Sufficiently large non-overlapping data at the K sites (each subject contributes information only at a unique site) implies the additive structure of the global score vector \(\mathcal {V}(\theta _m)\) and Fisher information \(\mathcal {I}(\theta _m)\). With the site-specific score vector \(\mathcal {V}_k(\theta _m)\) and Fisher information \(\mathcal {I}_k(\theta _m)\), it holds:

$$\begin{aligned} \mathcal {V}(\hat{\theta }_m) & = \sum \limits _{k=1}^K \mathcal {V}_k(\hat{\theta }_m) \end{aligned}$$
(6)
$$\begin{aligned} \mathcal {I}(\hat{\theta }_m) & = \sum \limits _{k=1}^K \mathcal {I}_k(\hat{\theta }_m) \end{aligned}$$
(7)

Distributed CIs for the AUC based on the Score function

The distributed calculation of the global sample mean (\(\text {distrAVG}(\varvec{v}^{(1)}, \dots , \varvec{v}^{(K)})\)) complies with A1 as well as the distributed version of the sample variance \(\widehat{\textsf{var}}(\varvec{v}) = (n-1)^{-1} \sum \nolimits _{i=1}^n (v_i - \bar{v})^2\).

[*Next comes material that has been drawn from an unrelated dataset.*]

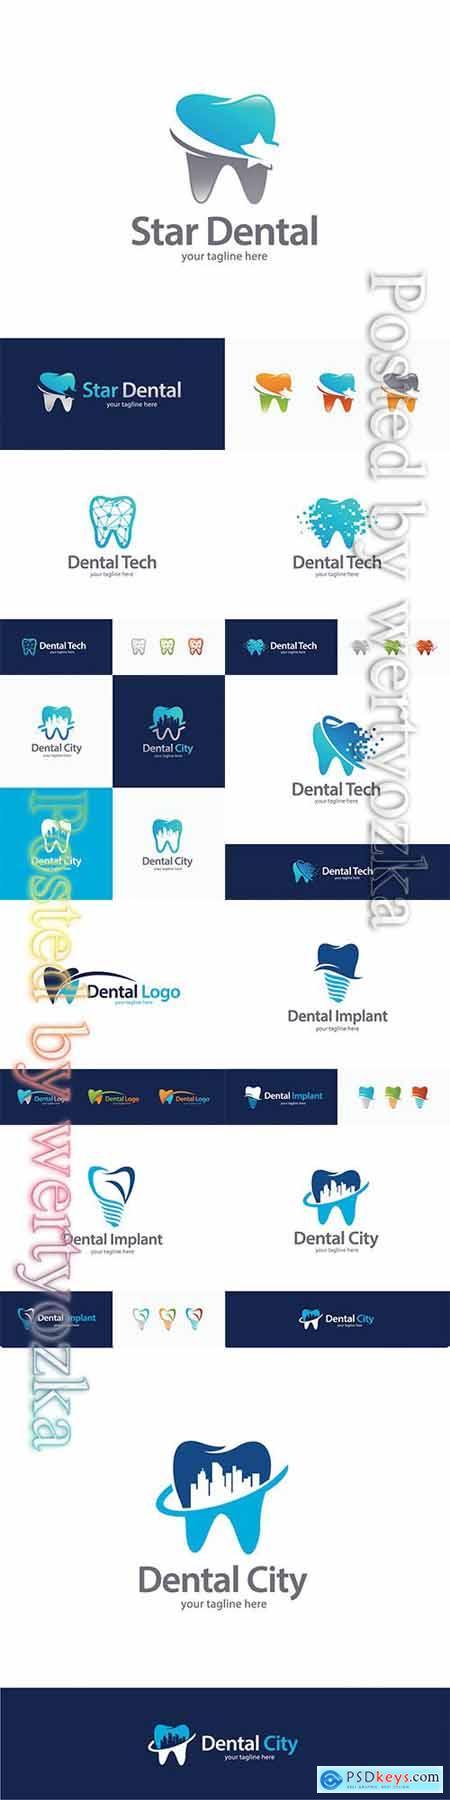 Dental logo collection vector illustration

In the first step, the sample mean is calculated using \(\bar{v} = \text {distrAVG}(\varvec{v}^{(1)}, \dots , \varvec{v}^{(K)})\) and shared with all K sites. In the second step, each site calculates the aggregation \(a_{\text {var}}(\varvec{v}^{(k)}) = \sum \nolimits _{i=1}^{n^{(k)}} (v_i^{(k)} - \bar{v})^2\), which is further aggregated to the sample variance \(\widehat{\textsf{var}}(\varvec{v}) = (n - 1)^{-1}\sum \nolimits _{k=1}^K a_{\text {var}}(\varvec{v}^{(k)})\): \(\text {distrVAR}(\varvec{v}^{(1)}, \dots , \varvec{v}^{(K)})\). The operations \(\text {distrAVG}\) and distrVAR fulfill A1 if \(n^{(k)} \ge q\), \(\forall k \in \{1, \dots , K\}\).

The operation distrVAR provides a non-disclosing distributed CIs for the global AUC. As described in Empirical calculation of the ROC curve and AUC and CI for the empirical AUC sections, the calculation of the approximated CI requires both approximated survivor functions \(\tilde{S}_{0}\) and \(\tilde{S}_{1}\) (see Approximating the global survivor functions section). A distributed CI \(\widetilde{\textsf{ci}}_\alpha\) to approximate \(\textsf{ci}_{\alpha }\) follows from Formula (3).

Simulation study

General considerations

The aim of the simulation study is to understand the effect of the noise (introduced by DP) on the AUC estimate of the distributed ROC-GLM and its DeLong confidence intervals. We take the global empirical AUC [11, 17] as a proxy for the true AUC of the underlying data generating process. Our goal is not to construct better estimates for the true AUC, but to study the difference between our distributed approach to the empirical AUC on the the pooled data.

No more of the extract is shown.